Yes, yes, yes, I think that is what is happening :slight_smile: I wonder if others also suffer from this? I bet they do!

Thank you for your answer @RogerS49 nonetheless, that stderr redirection is something I know exists, but never got the finer points on how it works! Appreciate you sharing your thoughts!

In the first 6 minutes of this walk thru video a question was posed regarding Conditional Probabilities.
I would like to suggest to Daniel a python Probabilistic programming languages (PPLs) package named pyro-ppl.
This package was originated by UBER AI to determine routes etc in setting up there business.
It has since been open sourced and taken on as a Linux Project and is currently updated.
The package extends and builds on python and pytorch.distributions and is also influenced by the Edward python package. With this package you can build other distributions based on your priors and likelihoods.
It works very similar to TensorFlow Probability but possibly easier to work with.
Hope this information is of some use.

Pyro Documentation

If we use batchnorm I don’t think gradient accumulation will be mathematically identical. Though it still works fairly well so not too much of a problem. I ran into this previously when testing that fp16+Grad accum was working correctly.It is mathematically equivalent with layernorm/instance norm.

Ah yes, true.

Can some explain test-time augmentation to me (Learner.tta()).
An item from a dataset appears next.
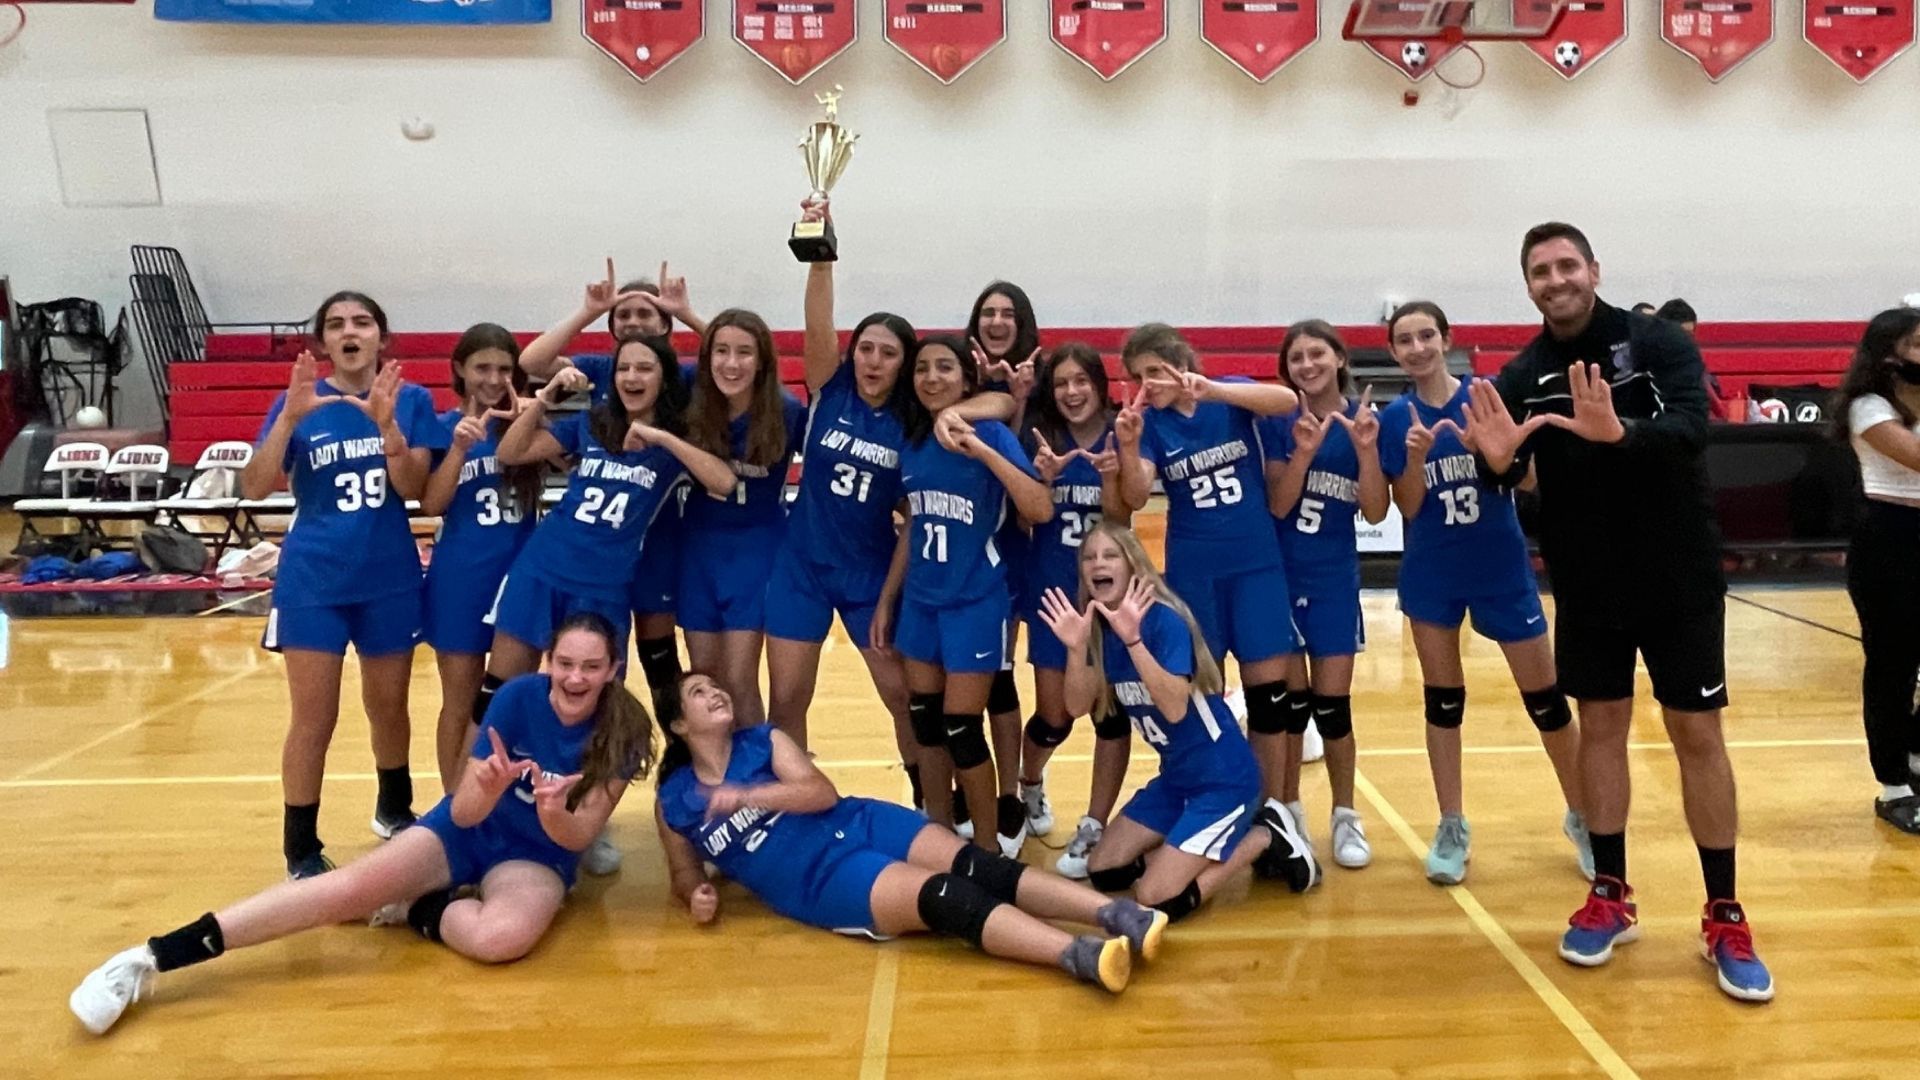 A volleyball team poses for a picture with a trophy

Is the purpose to effectively increase the size of the validation set by using augmentation, something vaguely akin to k-fold cross validation (but keeping test and validation data separate)?

It outputs a 2-tuple of ([list of tuples of probs], [list of classes]). When it calculates the weighted average, is it of the probabilities, then using the highest mean prob as the prediction? And is the list of classes the labels (as opposed to the predicted class)?

I’m trying to figure out how it feeds into error_rate().

Start by reading about it in the book, then do some experiments in a notebook, and tell us what you find out – if you have any questions along the way, let us know!

(Yes, I could just tell you directly, but you’ll learn way more if you experiment yourself… :smiley: )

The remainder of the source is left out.